- [Requirement]:
Reproduce the data below word for word, setting aside any picture it holds.

- [Source data]:
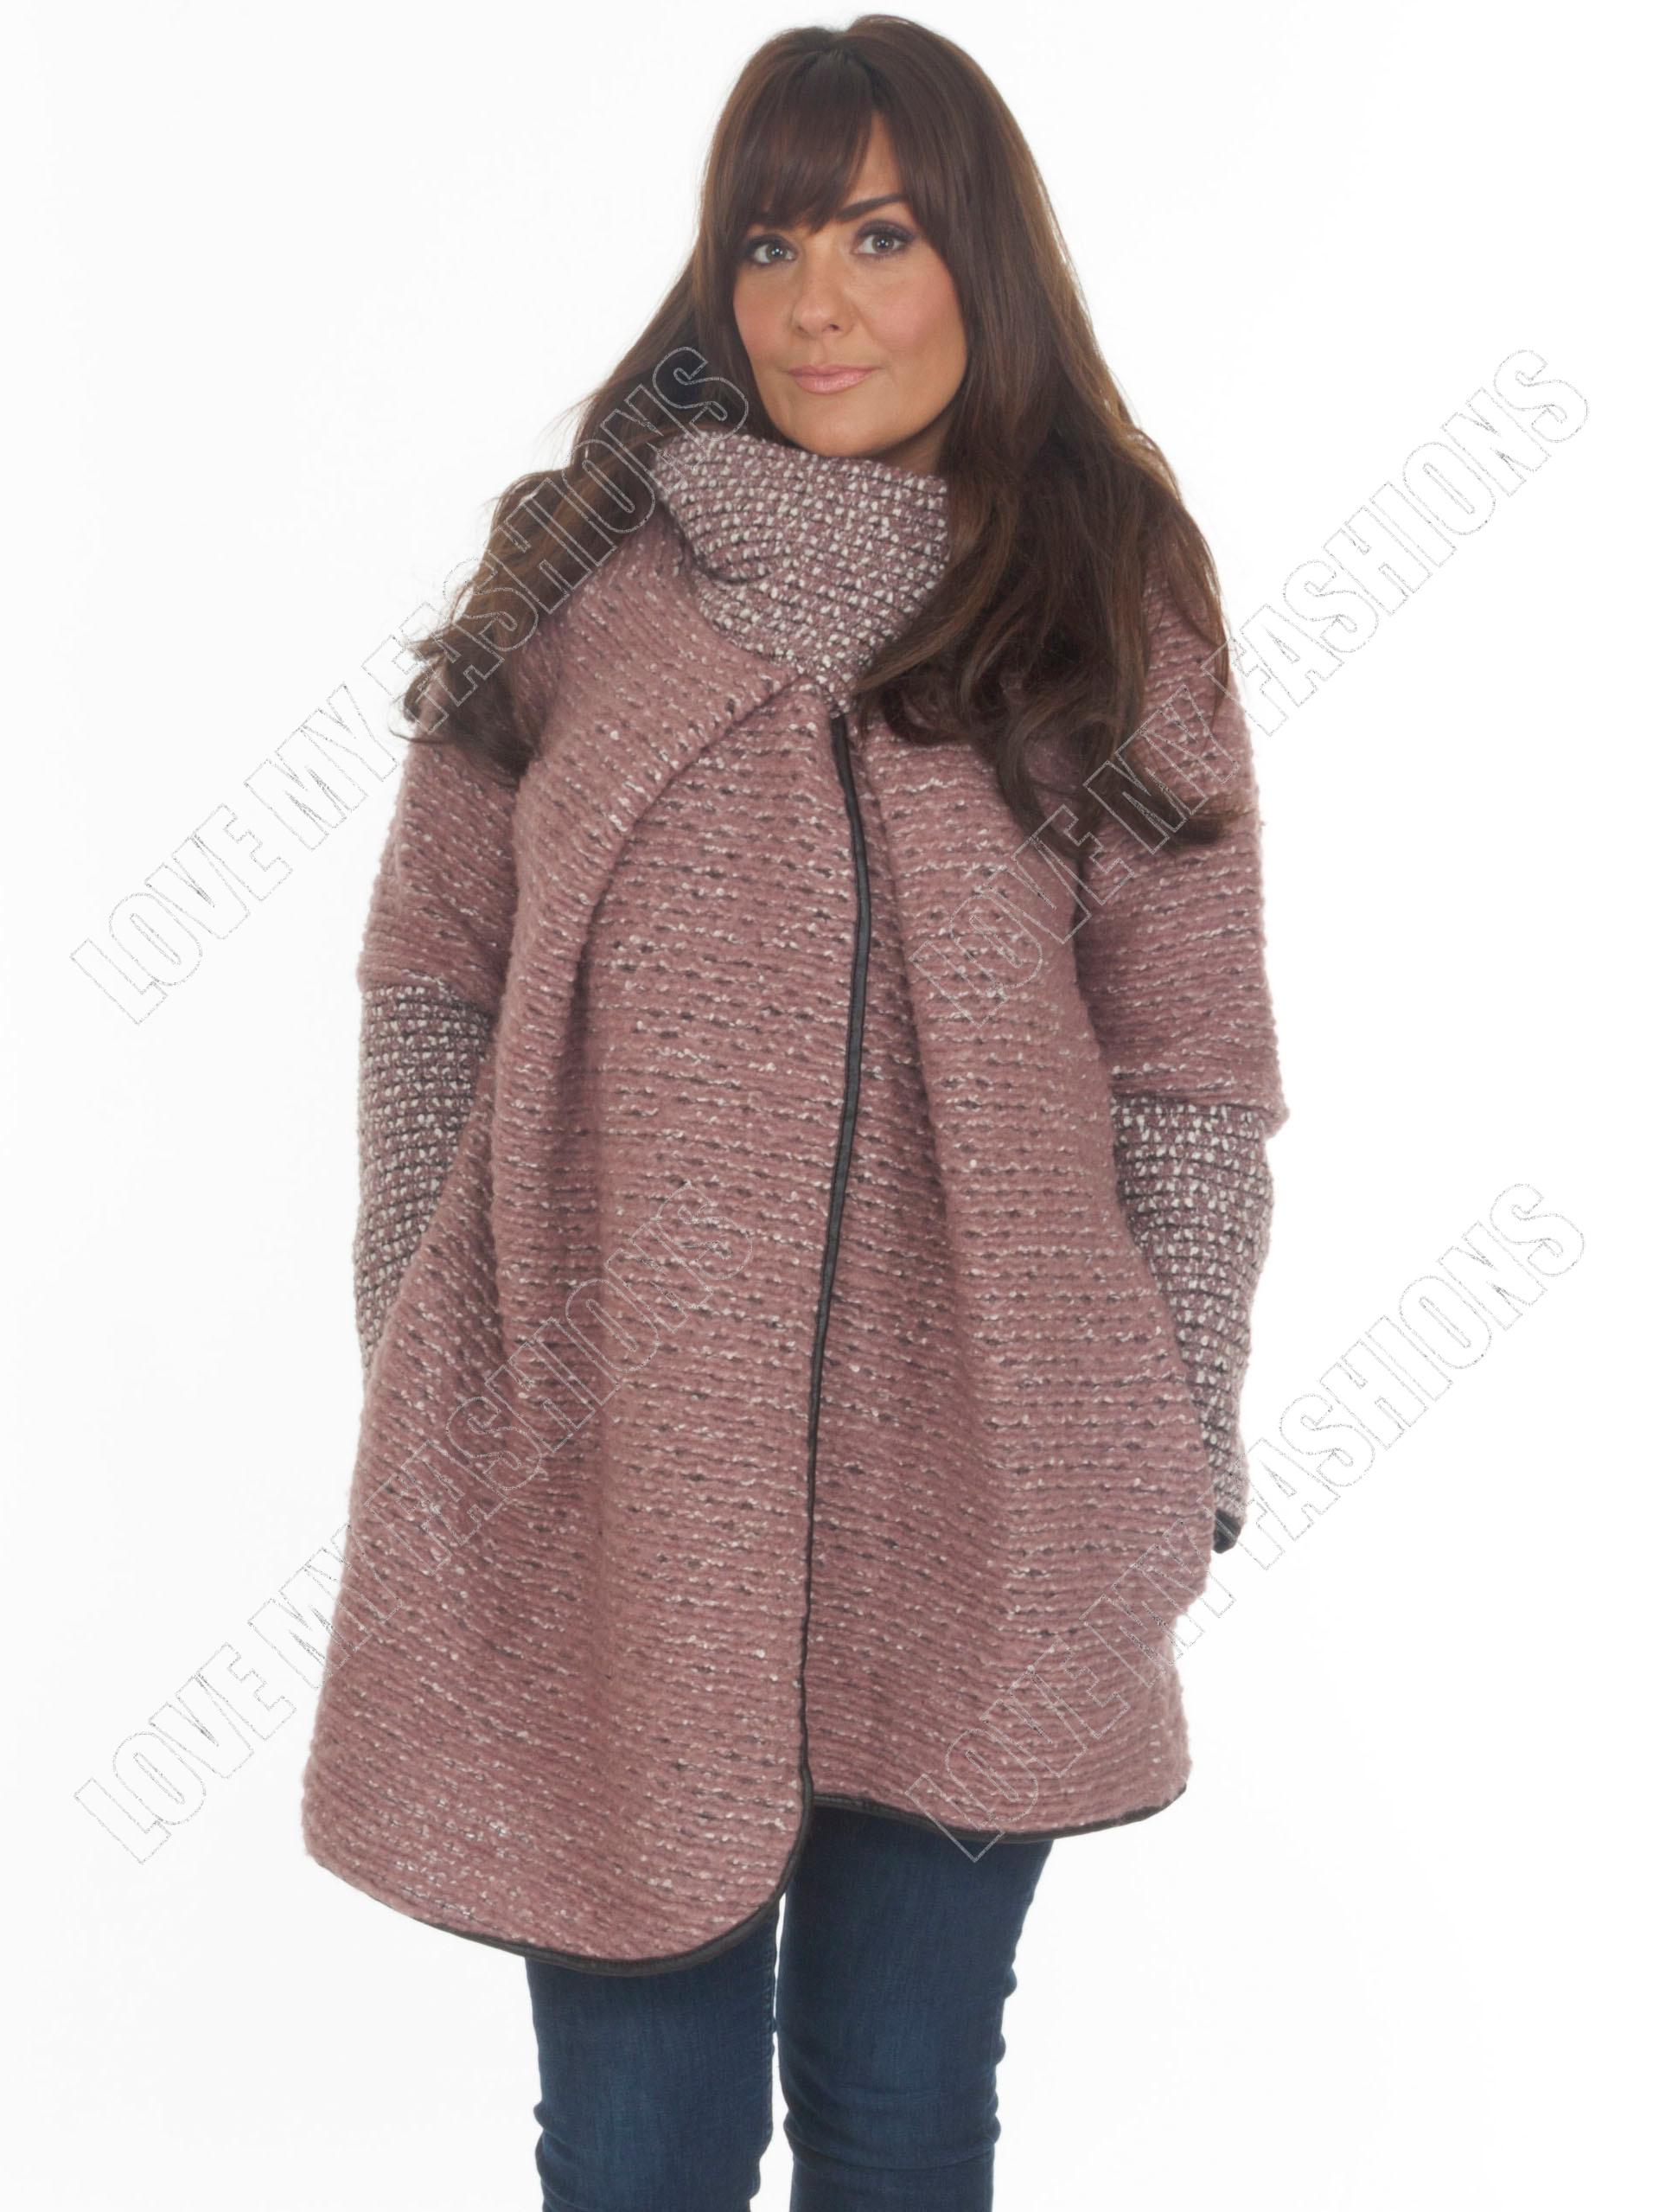 Cape coats for women
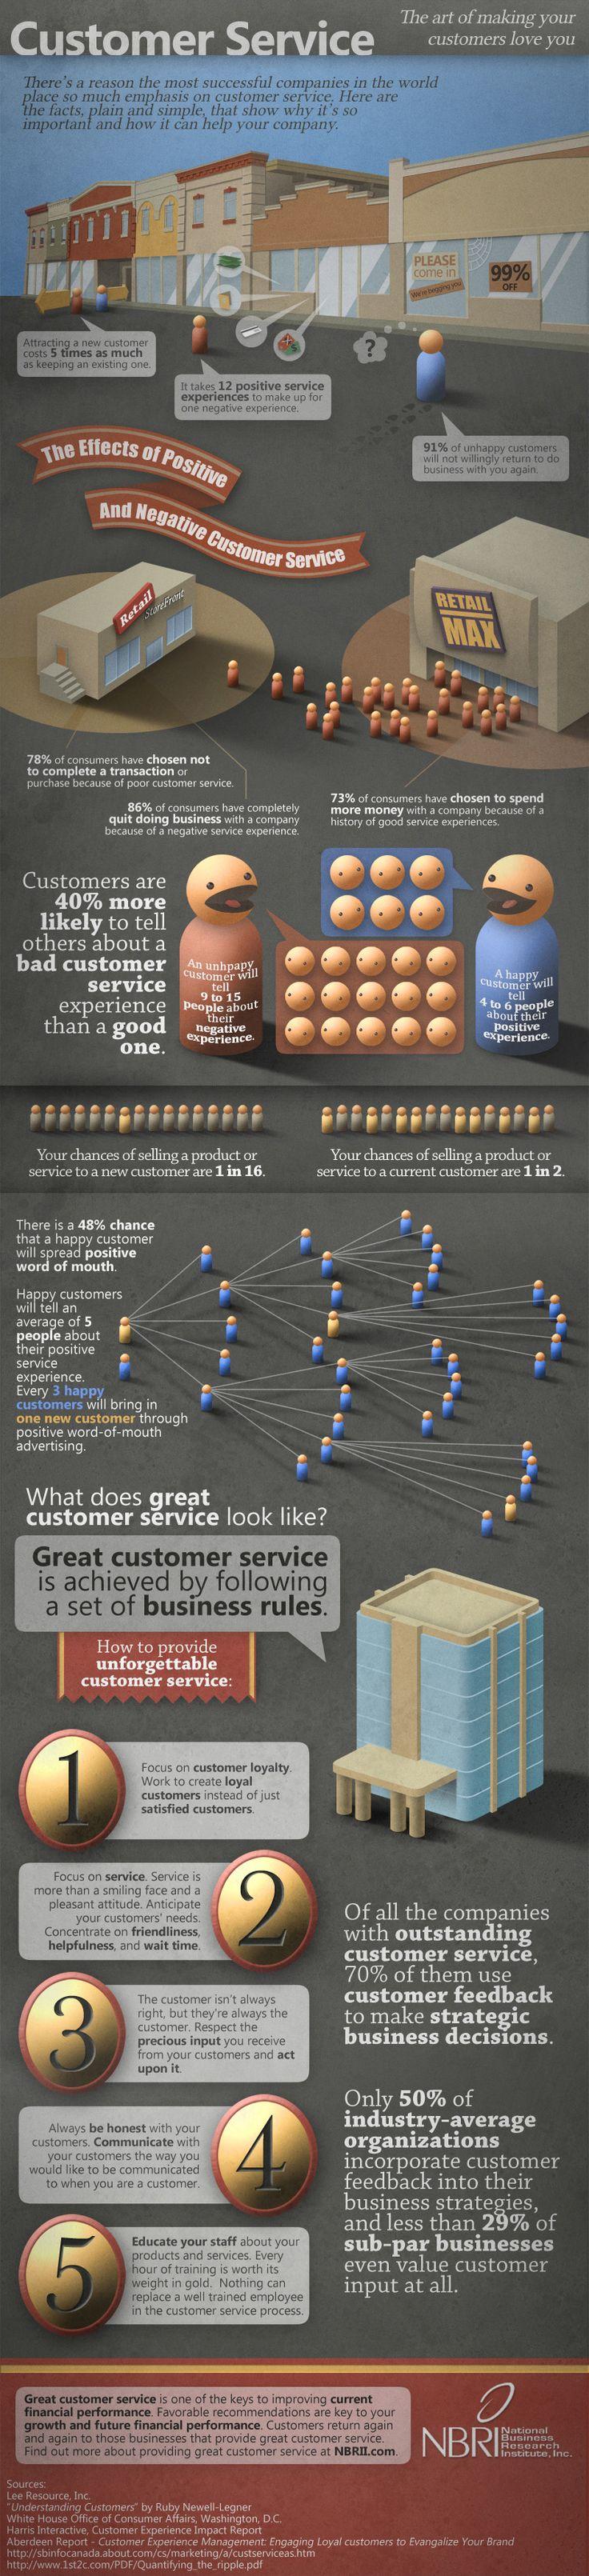 Infographic - Customer Service
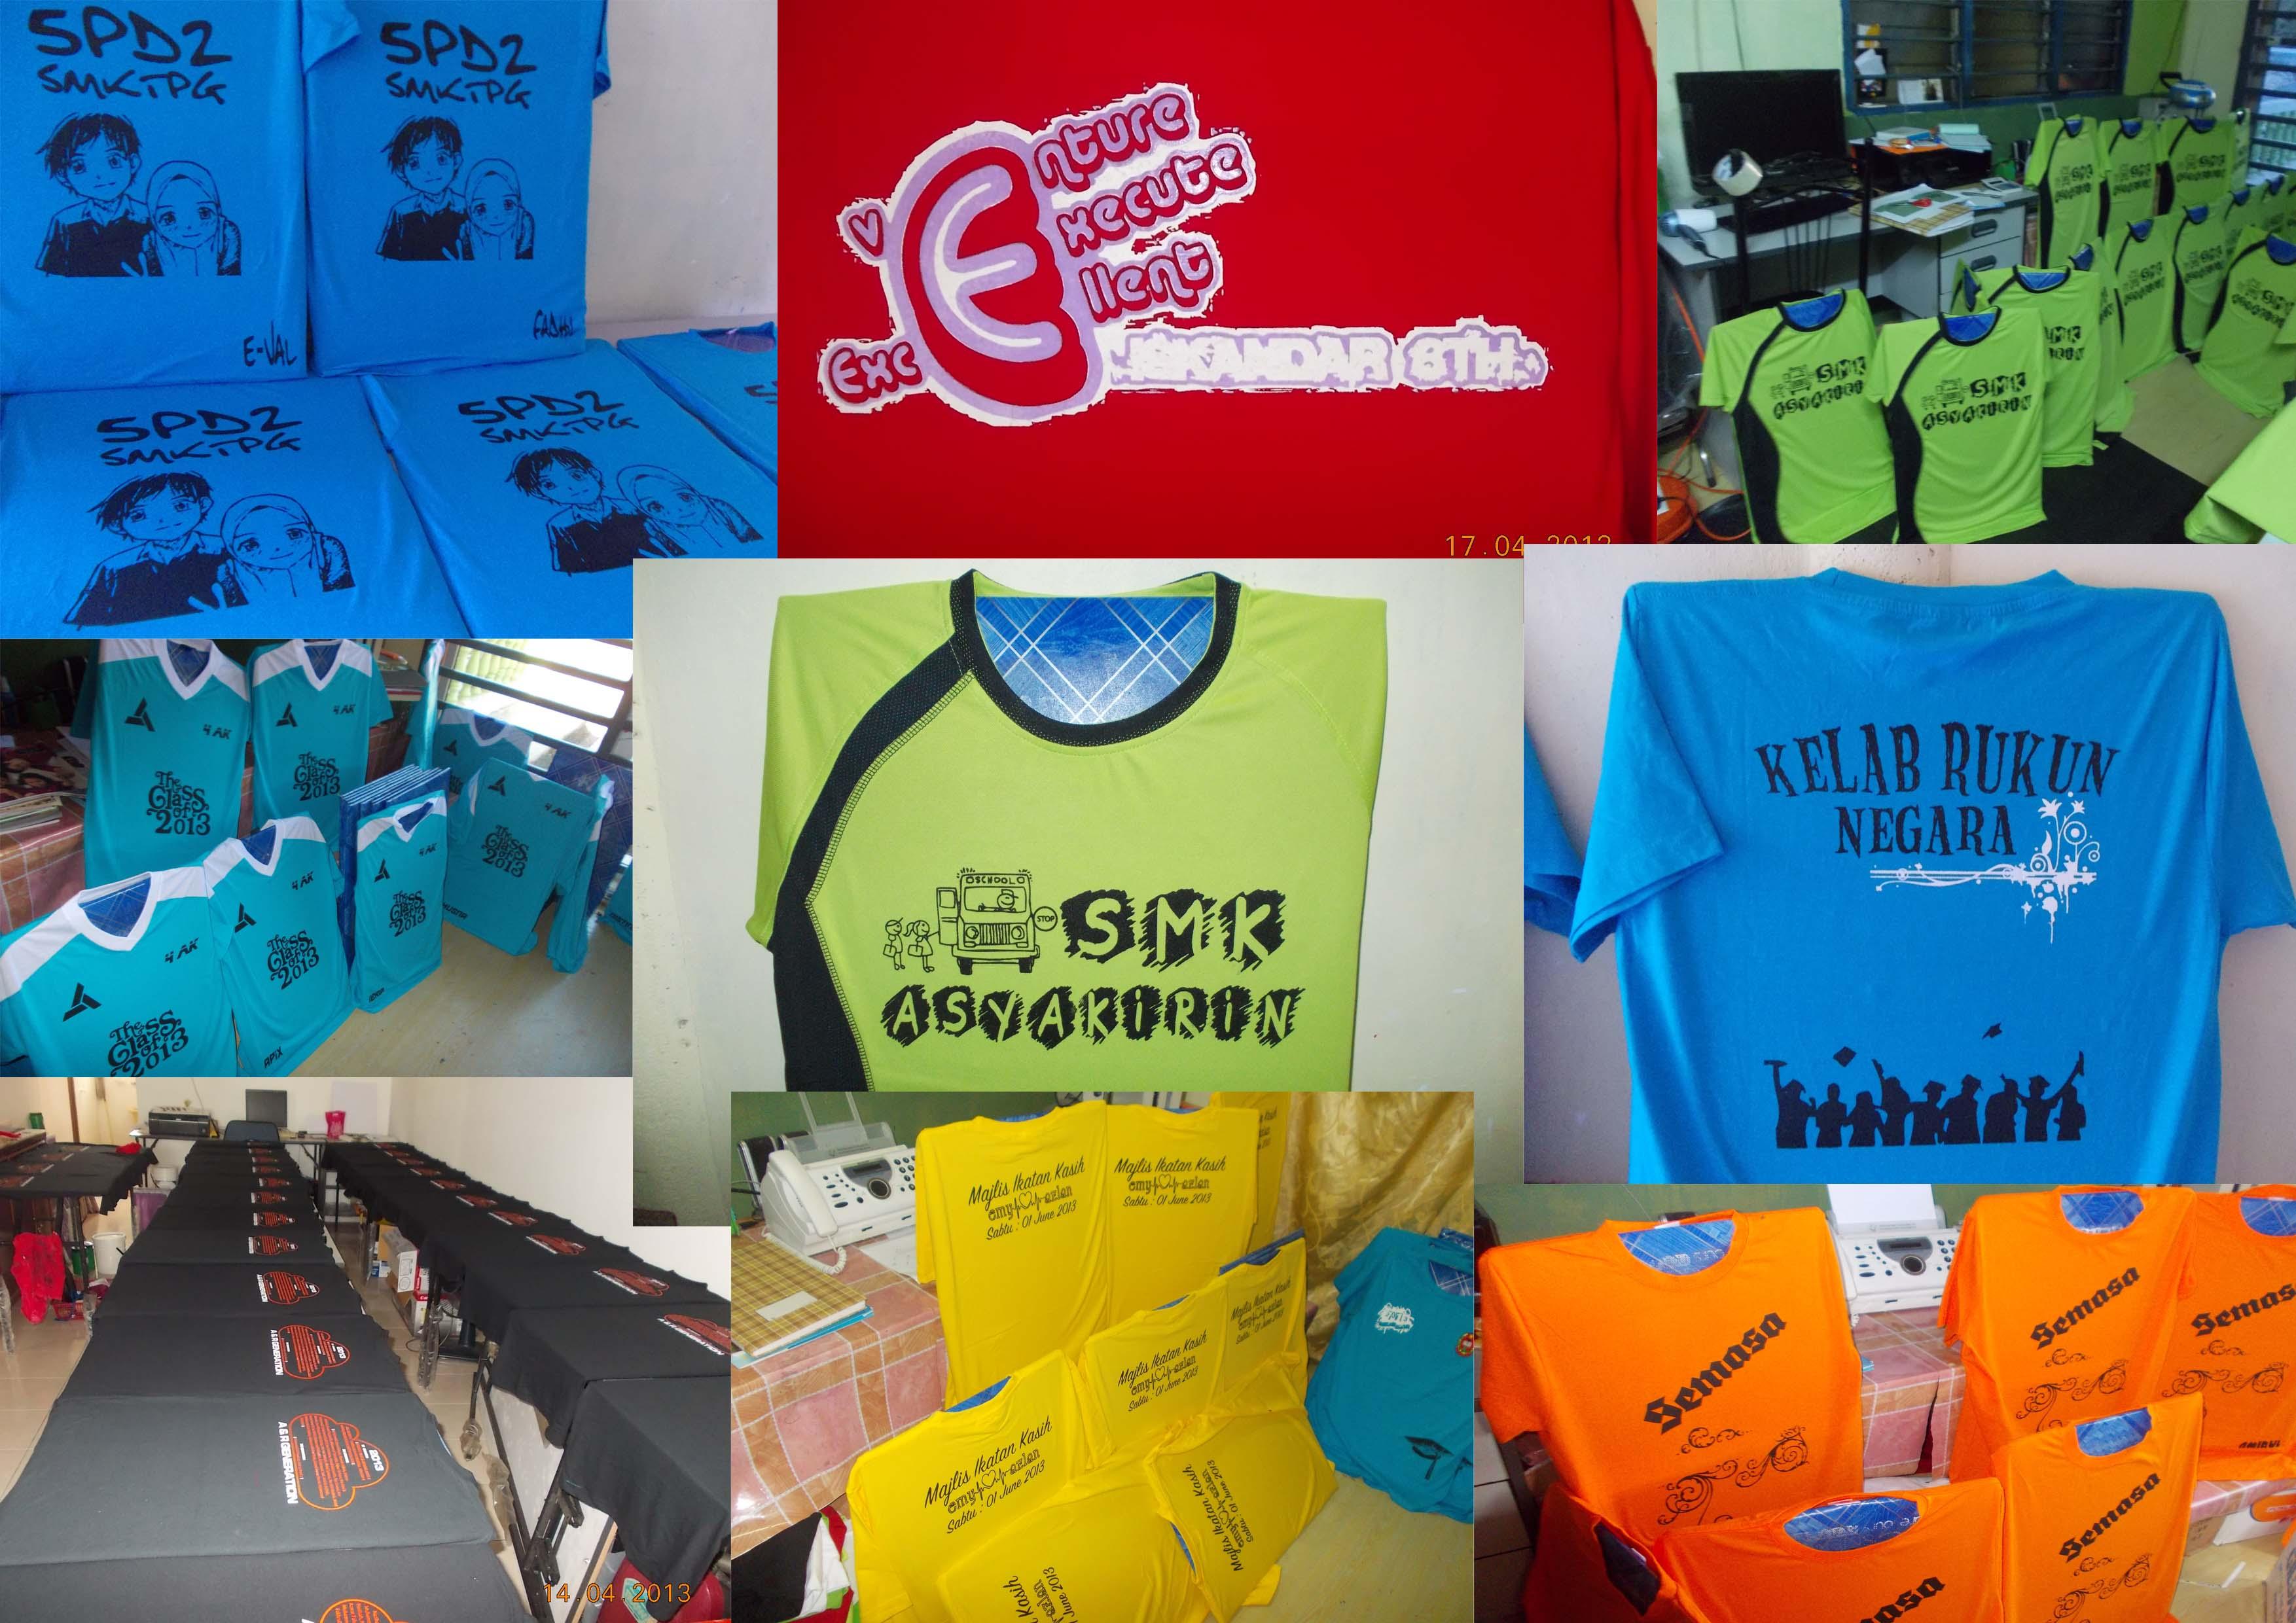 Design baju t shirt kelas -  Tshirt Kelas Sendiri Nanti Gambar Cetaktee 2b

- [Result]:
 Cape coats for women
 Infographic - Customer Service
 Design baju t shirt kelas -  Tshirt Kelas Sendiri Nanti Gambar Cetaktee 2b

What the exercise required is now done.